General consensus is to grind it up finely and pop it in a sifter jar. They work better that may, as most of the glitterbomb ingredients drift to the bottom.


----------



## zaralovesmac (Aug 13, 2007)

I broke my pressed Blot Powder..not exactly the same thing but I feel your pain too!I just mushed mine up into a fine powder..works pretty much the same.


----------



## brookeab (Aug 14, 2007)

When my stereo rose MSF broke last year I crushed it up and put it into an empty bare escentuals container. (Boy was I glad that I had two backups!) It still works great. I almost like it better in that form, because now I can travel with my fave blush color and not worry about it breaking.


----------



## Lucy In The Sky... (Aug 15, 2007)

Thank you all for the suggestions! I'm going to go out and get myself a sifter jar for it tomorrow. I was totally sad when it broke...good to know it can be saved!


----------



## freyja313 (Aug 16, 2007)

Just an aside, and not really what you're looking for, but last time I was at my local store I asked the MA what she was wearing on her body because she was all sparkly gold and glowing. They had dropped a Northern Light MSF which of course smashed into a zillion pieces so they decided to smoosh the remains up and throw it into a half used bottle of Fix+. She let me try it and I couldn't stop staring at my sparkly arms! I wouldn't purposefully break an MSF to do this but it might be fun to get a bunch of small spray bottles and make some up using Fix+ and piggies.


----------



## Kirstie Valerio (Sep 26, 2013)

I feel all of your guys' pain.

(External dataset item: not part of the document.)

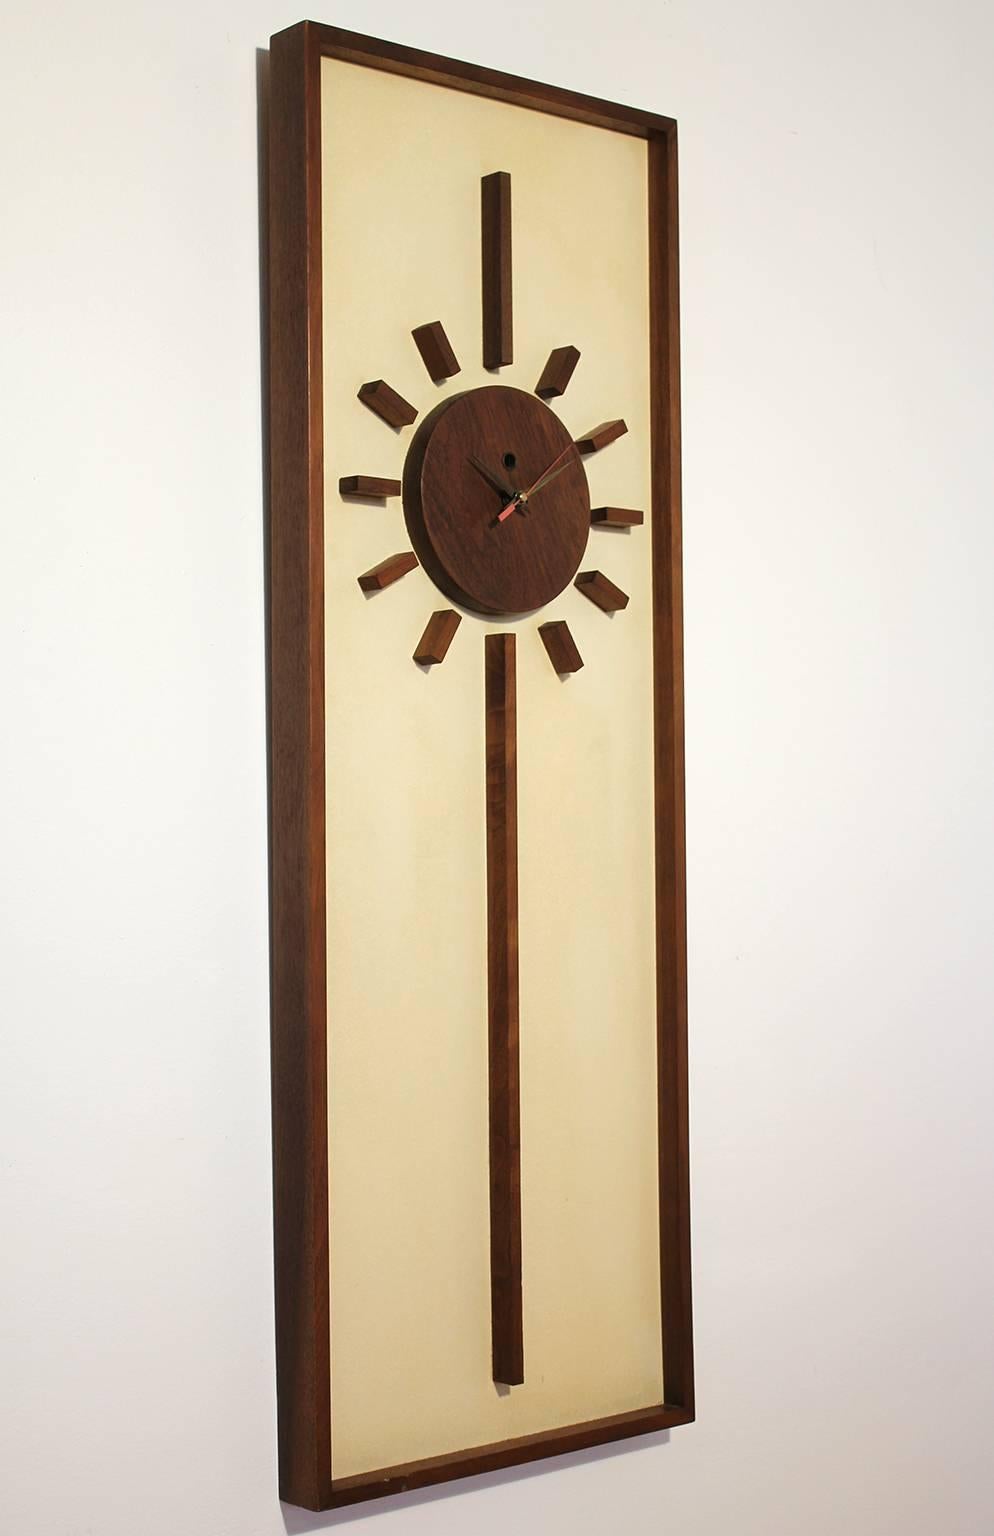 1960s modernist California Design walnut wall clock from Peter Pepper Products. Originally a wind up clock, this has been updated with battery operated quartz movement. Works perfectly and keeps time.

My Stereo Rose cracked into little pieces on the floor today, because the packaging was faulty. This happened after my Dad sent it to me just yesterday for my birthday after buying it on Ebay for $40!!! I was crying like a little girl when I was sweeping all of the little pieces off the floor to see if I could save it. I'm thinking to myself, why couldn't this happen to a $3 blush that I could just run up to Target and get another one? I might try to save it with alcohol, but I'm so sad because I didn't even get to take pictures of it yet for my blog.


----------